Трагический эксперимент. Книга 7 - страница 23



Конечно, сотрудники Эрмитажа сопротивлялись распродажам, нередко рискуя не только свободой, но и жизнью. Для этого они использовали разные способы. Иногда, пользуясь художественной безграмотностью работников «Антиквариата», музейщики отдавали им не те полотна, которые те требовали, а похожие.

Были и другие ухищрения. Но когда люди из «Антиквариата» вооружались каталогом фирмы «Липке», где каждый предмет из коллекции Эрмитажа имел не только наименование, но и инвентарный номер, противостоять этому было невозможно.

Тогда в ход пошли письма самому высокому начальству. В 1932 году директор Эрмитажа Борис Легран предложил своему заместителю Иосифу Орбели написать Сталину пистьмо с просьбой оградить от распродажи сектор Востока Эрмитажа. Легран отправил это послание через секретаря ЦИК Авеля Енукидзе, которого хорошо знал.

Енукидзе в тот период был у вождя в фаворе. Не знаю, это ли сыграло свою роль или какие-либо иные факторы, но вскоре из Кремля пришёл положительный ответ, который музейщики Эрмитажа использовали как охранную грамоту для восточной коллекции.

Но главный удар распродаж был нанесён не восточному искусству, а западноевропейскому. И тут защиты от посягательств сотрудников «Антиквариата» не имелось, хотя после ответа Сталина на письмо Орбели сотрудники Эрмитажа пытались отнести к сектору Востока многие предметы западноевропейского искусства. Но однажды заведующая отделом Запада Татьяна Лиловая случайно увидела на столе одного из руководителей «Антиквариата» список эрмитажных реликвий, готовившихся к продаже за границу.

Среди них были «Мадонна Бенуа» Леонардо да Винчи (это единственная его работа, хранящаяся в нашей стране!), «Хозяйка и служанка» Питера де Хоха, «Юдифь» Джорджоне (это тоже единственная его картина в России) и ещё несколько шедевров аналогичного уровня. Лиловая от увиденного пришла в ужас и написана ещё одно письмо Сталину.

Текст она сформулировала, умело используя в нём официозную советскую риторику, написав, что лишить Эрмитаж и страну этих картин равносильно тому, что вычеркнуть имя Сталина из истории партии. Отклика не последовало.

В 1933–1934 годах эти позорные заграничные распродажи постепенно прекратились. К тому времени мировая экономика ещё не оправилась от Великой депрессии. В условиях низких цен на драгоценные металлы и антиквариат больших доходов от этих распродаж не было, но, как мы уже говорили, они приносили нашей стране тяжелейший репутационный ущерб на международной арене. Кроме того – и это главное – пропала необходимость.

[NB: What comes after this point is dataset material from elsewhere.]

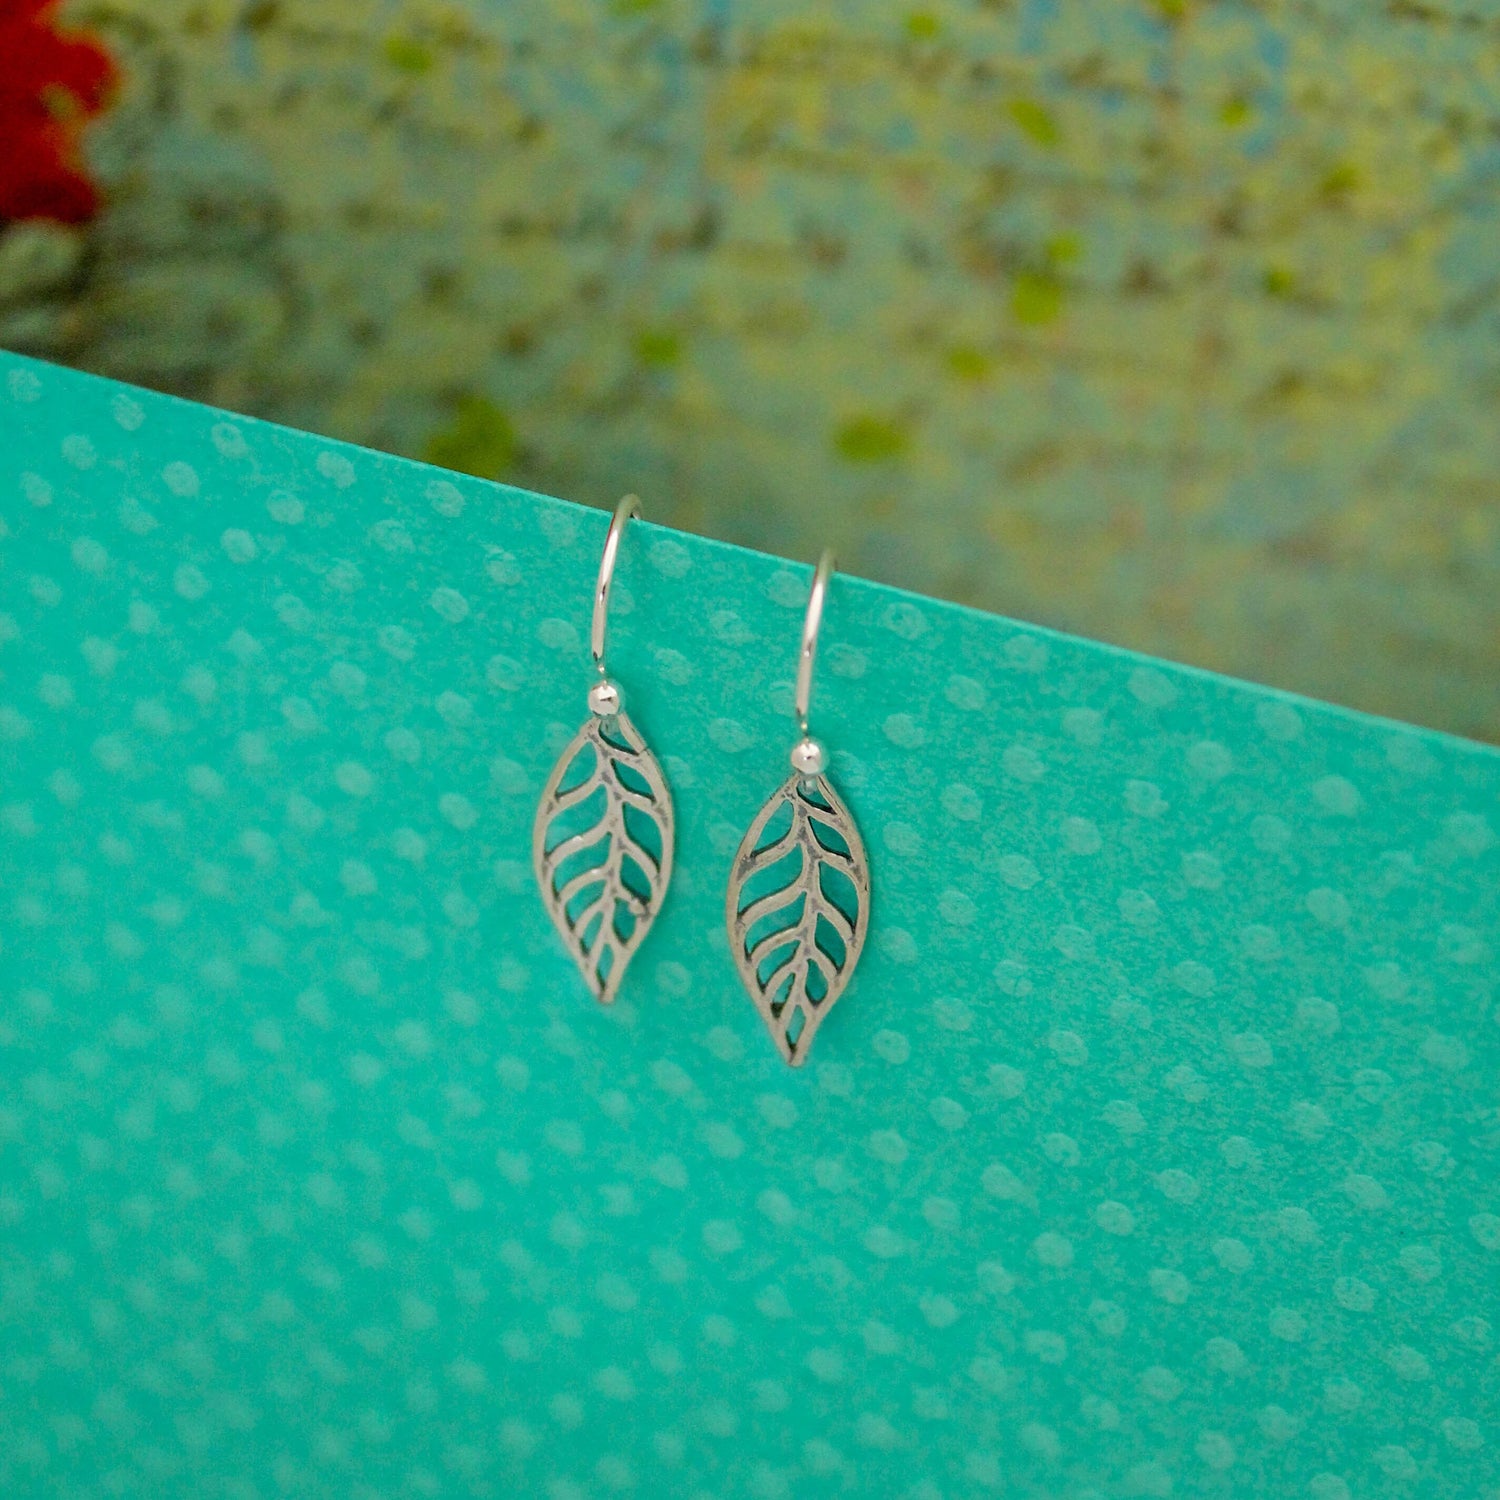 Leaf Charm Earrings, Botanical Leaf Earrings, Sterling Silver Earrings, Leaf Drop Earrings, Gifts for Her, Birthday Gift, Cute Silver Leaves

Страна всё же выбралась из разрухи 1920‑х.

В истории известны случаи, когда императоры или министры продавали части свои коллекций. Подчеркнём – своих, не государственных. Но всегда, и в дореволюционной России в том числе, считалось, что покупка художественных ценностей, сокровищ искусства – признак могущества государства.

Именно этим принципом руководствовалась Екатерина Великая, когда после Семилетней войны купила в Германии коллекцию картин, чтобы «утереть нос» Фридриху II, который изначально намеревался их приобрести, но не смог из-за оскудения казны. Русская казна тоже была пустоватой в тот момент, но императрица прагматично решила, что эффект от покупки дороже денег. И она оказалась права.

Кстати, именно это собрание стало «закладным камнем» основанного ею в 1764 году Эрмитажа. Вот такая историческая антитеза – Екатерина в сложный период для страны покупала искусство на Западе, а большевики в период кризиса его туда продавали.